Выбрать главу

В том, что перед ним оборотень, Захар не сомневался. Кто же еще, скажите на милость Божью, смог бы выжить со стрелой в сердце? И неожиданно почувствовал облегчение. Был же уверен, что убил человека! А оказалось – и не человека, и не совсем убил.

Между тем выздоровление шло своим чередом. Румянец уже вернулся на лицо женщины. Кстати, восхитительное и молодое. Во всяком случае Захар мог бы поклясться, что большей красавицы еще не видал. И хоть парню было не с кем сравнивать, он точно знал, что эта женщина самая прекрасная во всем мире.

Как будто от прикосновения его взгляда, она раскрыла глаза и мило улыбнулась.

– Испугался?

– Ну да... – не слишком уверенно протянул Захар. – Было немного. Сначала. Пока не понял, что ты.., – он замялся.

Она рассмеялась, как будто зашелестела весенняя дубрава под слепым дождем, и потянулась соблазнительно:

– Не человек? Что – совсем непохожая?

Захару вся кровь кинулась в лицо, и он отвел глаза в сторону. А, чтобы скрыть стеснение, поинтересовался:

– Ты оборотень?

– Нет, – женщина опять засмеялась. – Нет, молодец, я не оборотень. Я – Морена. Или Церера. А еще – Геката... У меня много имен. Но я предпочитаю первое. А тебя как величать?

– Захарием, – ответил тот. А сам даже изморозью изнутри покрылся. Морена! Древняя Владычица Времени и Судьбы! Богиня, могущественнее которой были разве что Перун и Велес. Хотя и они, по-видимому, остерегались бы становиться ей поперек дороги. Имя Морены в их громаде если и произносили, то лишь шепотом и со страхом. Да и как не опасаться той, в чьих руках сучиться нить человеческой судьбы. Это же именно от ее глаз прятали женщины на ночь свою пряжу и кудели, чтобы не спряла тайком и не накликала Беду, не наслала за небрежность и неряшливость на жилище болезни и бедность.

– Захарий, – протянула богиня, будто пробуя имя на вкус. – Гм… А скажи, хлопче, чего это тебе заблагорассудилось меня подстрелить?

Тот даже всхлипнул. Стрелец, чтобы тебя! Целил в птицу, а попал в молодицу. Теперь остерегайся! Если б тебя пробили насквозь, простил бы? Вот то-то же. Попробуй, объясни теперь богине, что не в нее целился. И то, что она бессмертная, дела не меняет. Все равно больно. Сам же видел, как корчилась. Захарий вздохнул еще раз. Молчанка затягивалась, а это было не очень учтиво, да и не слишком безопасно. Когда боги спрашивают, лучше поспешить с ответом.

– Потому что я хотел научиться летать.

– Летать? – удивленно переспросила богиня. – А причем здесь одно и другое?
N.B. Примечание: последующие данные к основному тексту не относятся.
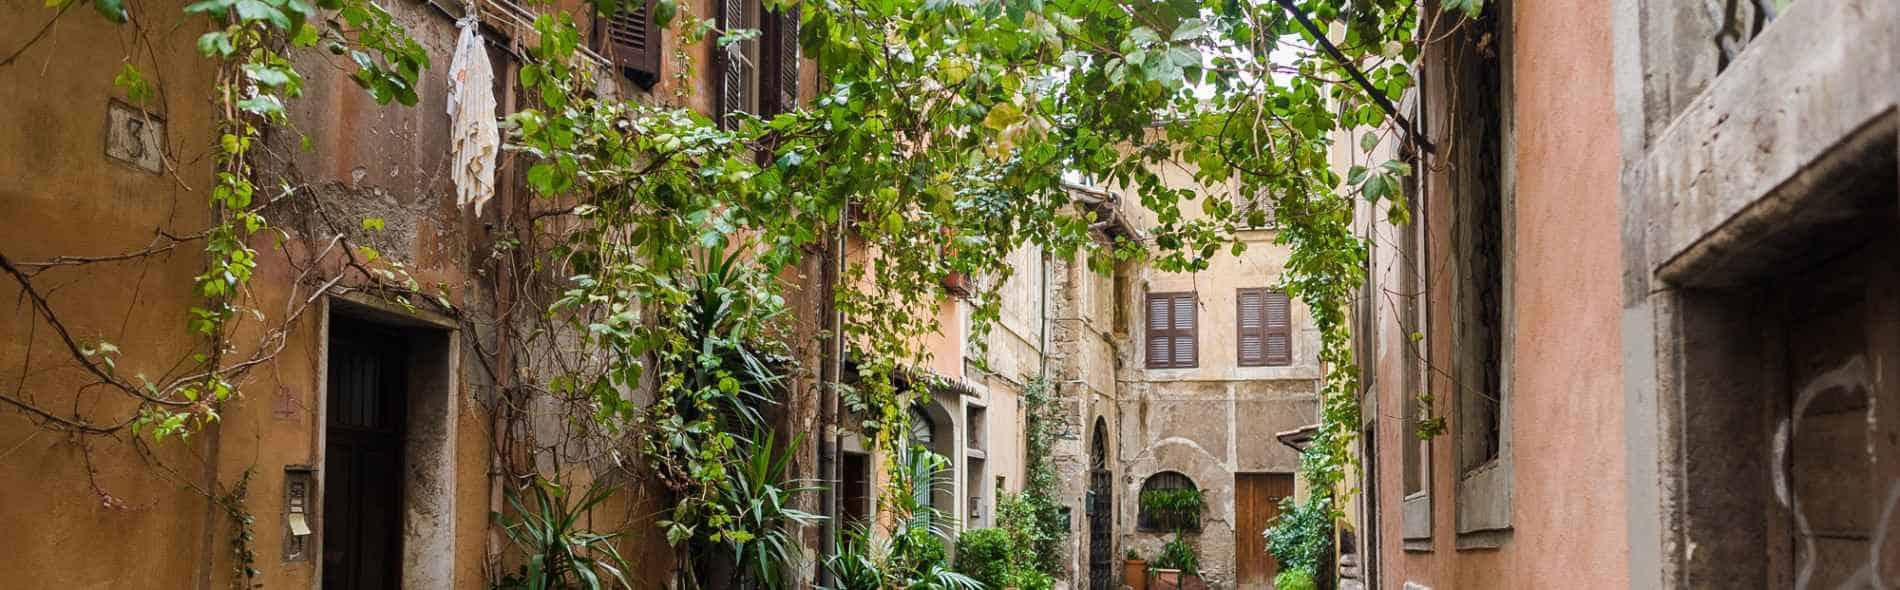 Trastevere, expert private tour guide

Морена все еще продолжала лежать на спине, и ее стройное тело так и притягивало взгляд парня. И, чтобы не показаться еще большим глупцом или нахалом (знать бы еще, что женщину, или богиню больше раздражает: когда бесцеремонно пялятся на ее роскошное тело, или наоборот – когда упрямо отводят взгляд?) и не торчать рядом без движения, Захарий принялся свежевать добычу.

Что и говорить, сегодняшний день оказался не самым легким в жизни парня. Сначала лесовик забавлялся с ним в загадки. Потом подстреленная птица оказалась богиней. Хорошо хоть, что она, кажется, воспринимает это приключение с юмором. Захар, осторожно бросил взгляд на изумительные прелести Морены, нахмурил брови и засопел. Ему и раньше приходилось иметь дело с девушками, но все они были свои, знакомы сызмальства, и не скрывали в себе той опьяняющей тайны, что горячит кровь. Да и красотой, чего лукавить, значительно уступали богине. Не такому, как он, заглядываться на богиню! Вон, она даже не скрывает свою наготу. Еще бы! Разве он сам стеснялся бы какого-то зверья? А чем простой смертный лучше для богини? Хотя – парень аж застыл от собственного нахальства – может, она преднамеренно демонстрирует ему свою красоту? Тогда, выходит, он – ей не безразличный?! И Захар опять воровато взглянул украдкой на Морену.

Но мысли мыслями, а богиня хотела слышать ответ. И слово за словом, готовя одновременно ужин, парень пересказал Морене свою сегодняшнюю встречу с лесовиком.

– И где же те перышки? – поинтересовалась богиня, которой выздоравливала прямо на глазах.

Захар ойкнул и плеснул себя по лбу. Увидев перед собой вместо птицы раненную женщину, он так растерялся, что совсем позабыл обо всем и теперь ни за что не отличил бы волшебные перья от десятка других, лежащих вперемешку в траве.